**Directions**
Copy every line of the data below exactly as given, except for the pictures.

**Input data**
== Segment start ==

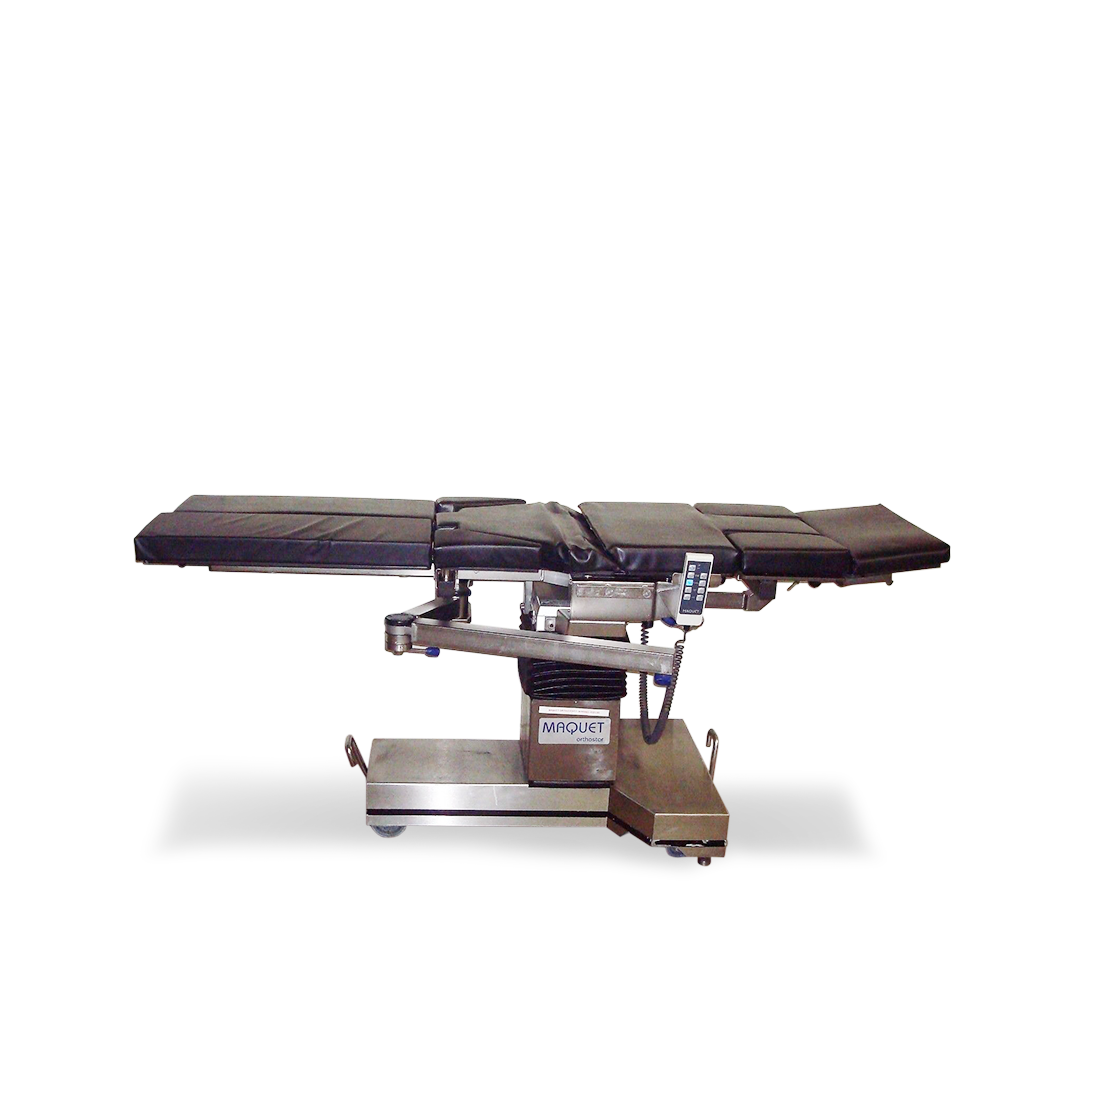 Maquet 1425 Orthopedic Surgical Table
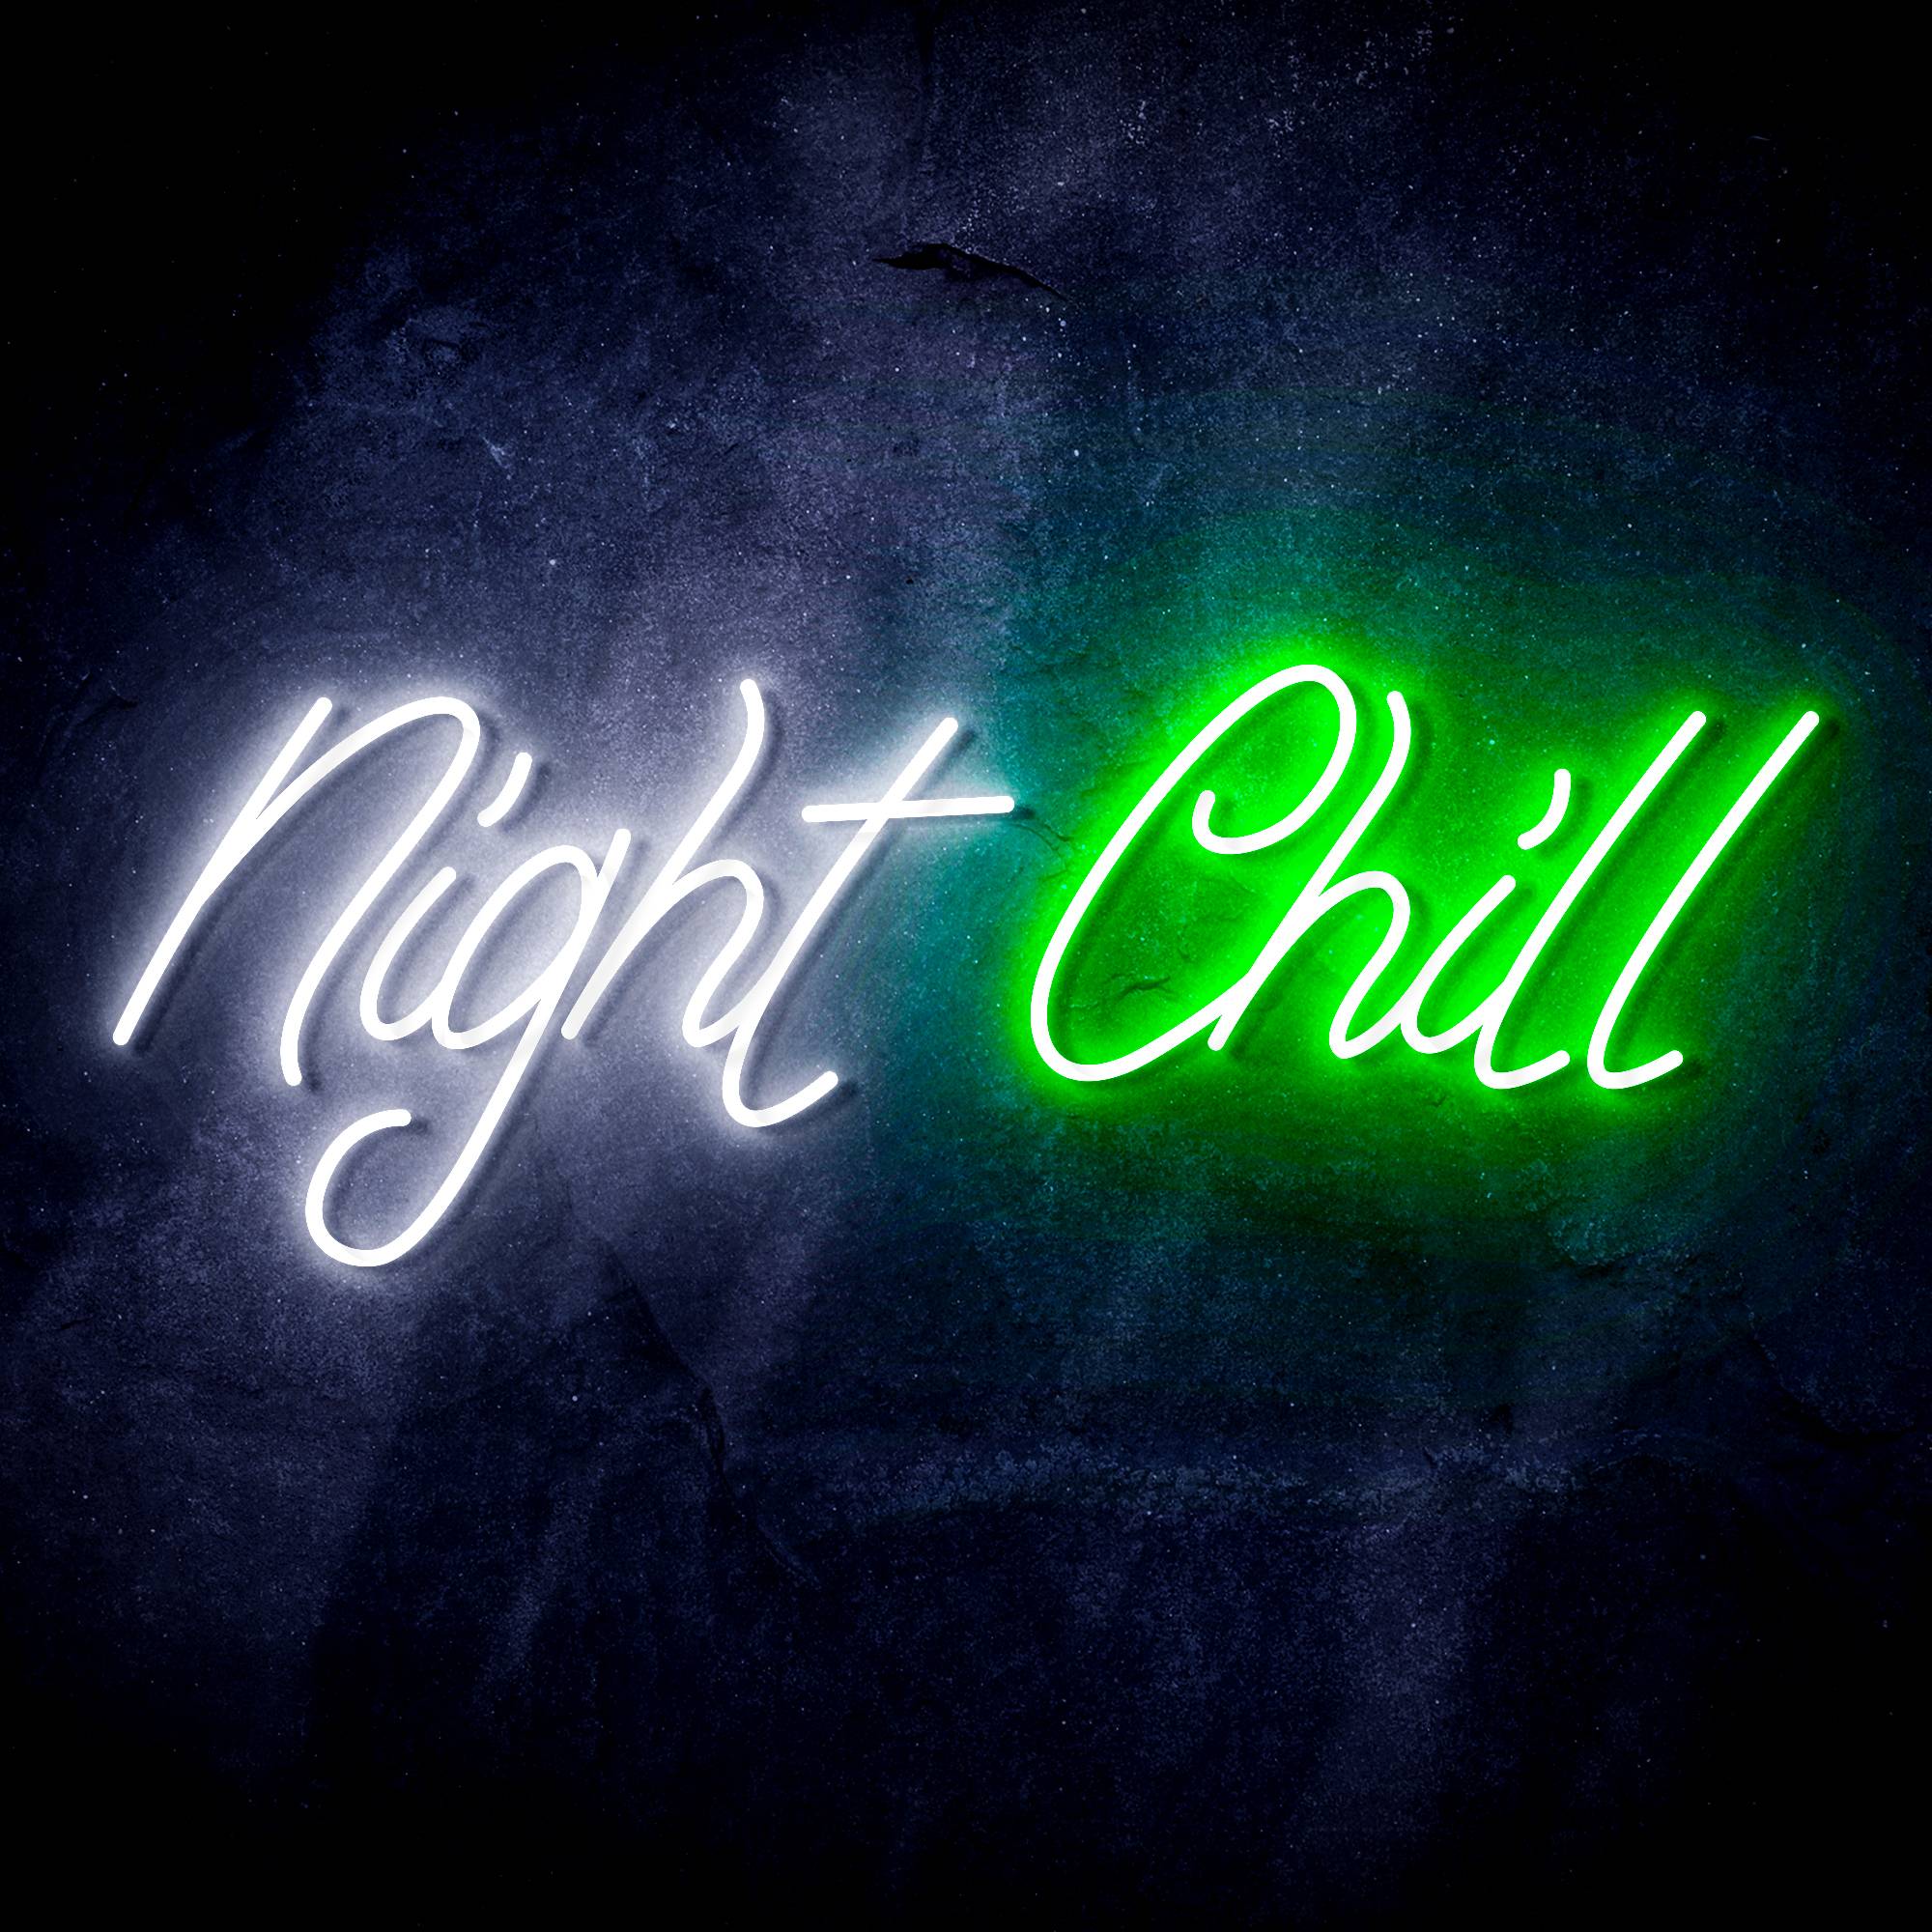 "Night Chill" Text Quote LED Neon Sign
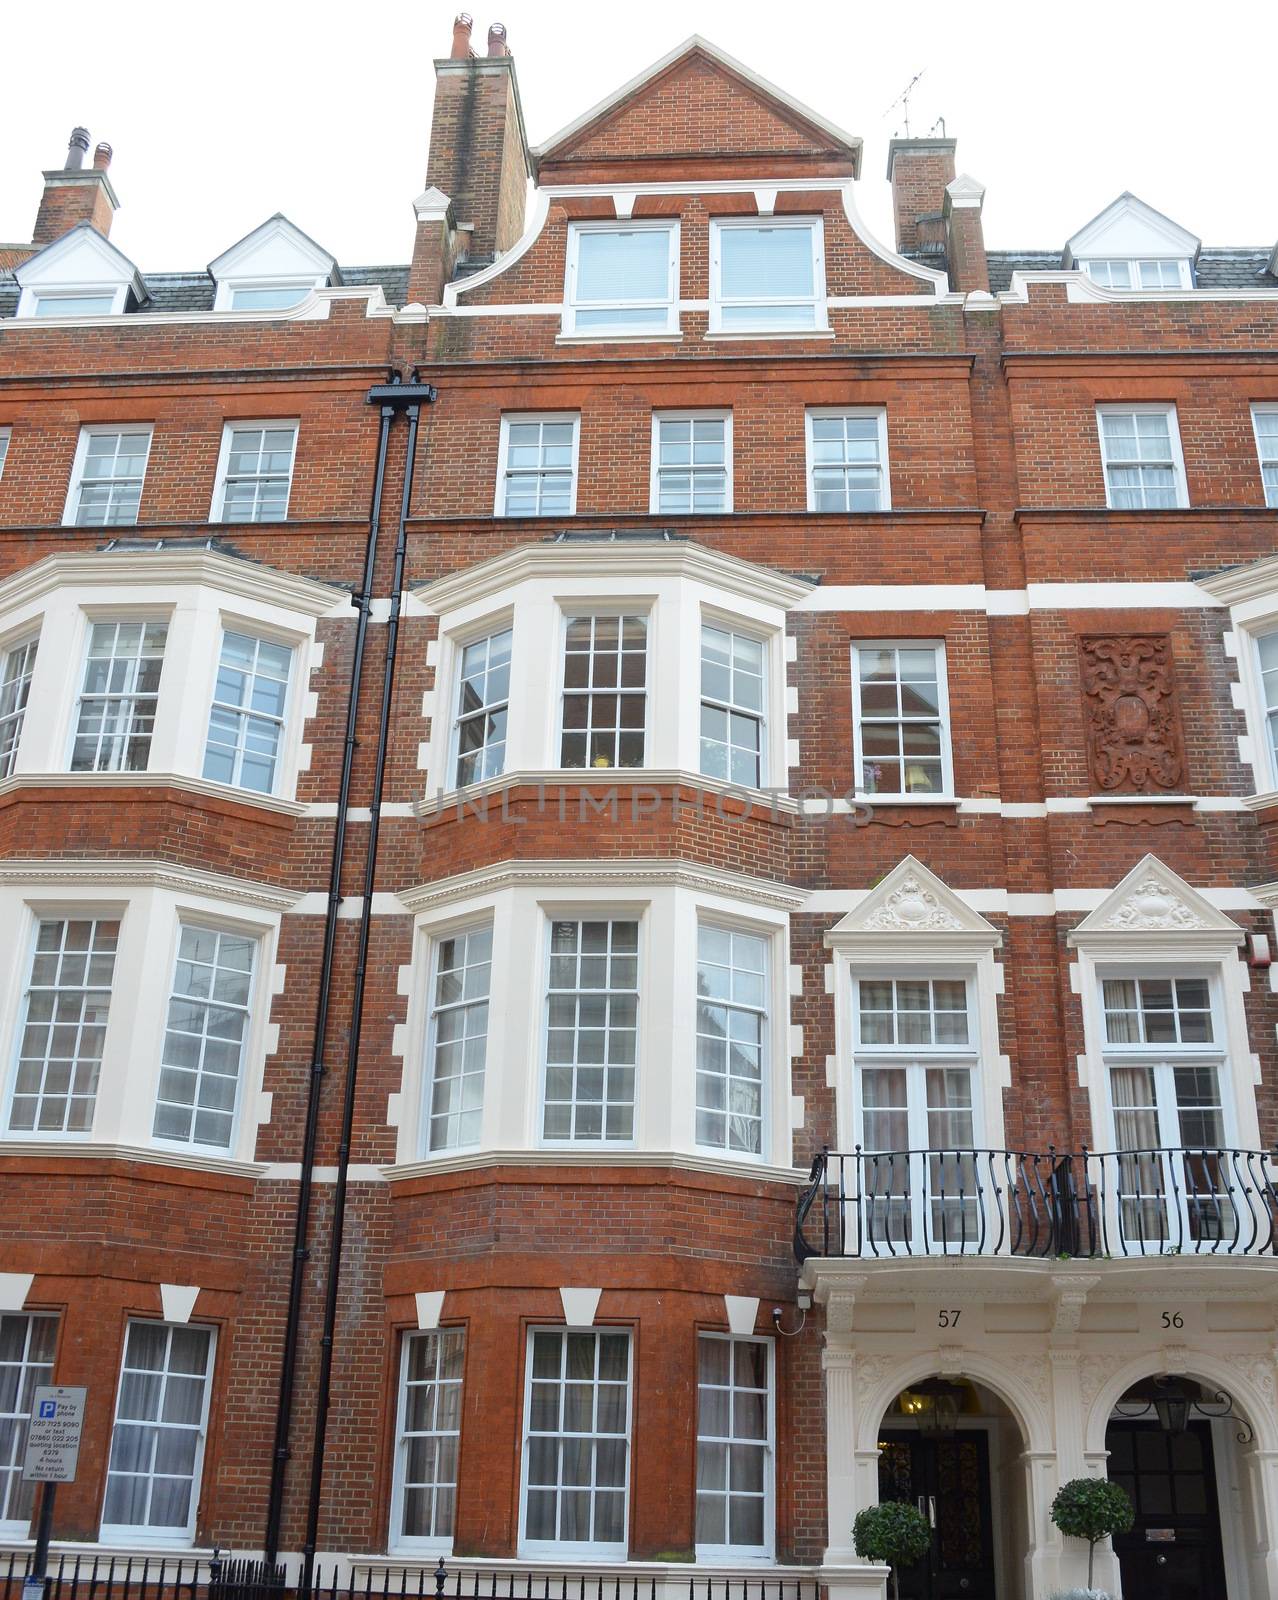 Beatles first London home by gorilla

== Segment end ==

**Problem solution**
 Maquet 1425 Orthopedic Surgical Table
 "Night Chill" Text Quote LED Neon Sign
 Beatles first London home by gorilla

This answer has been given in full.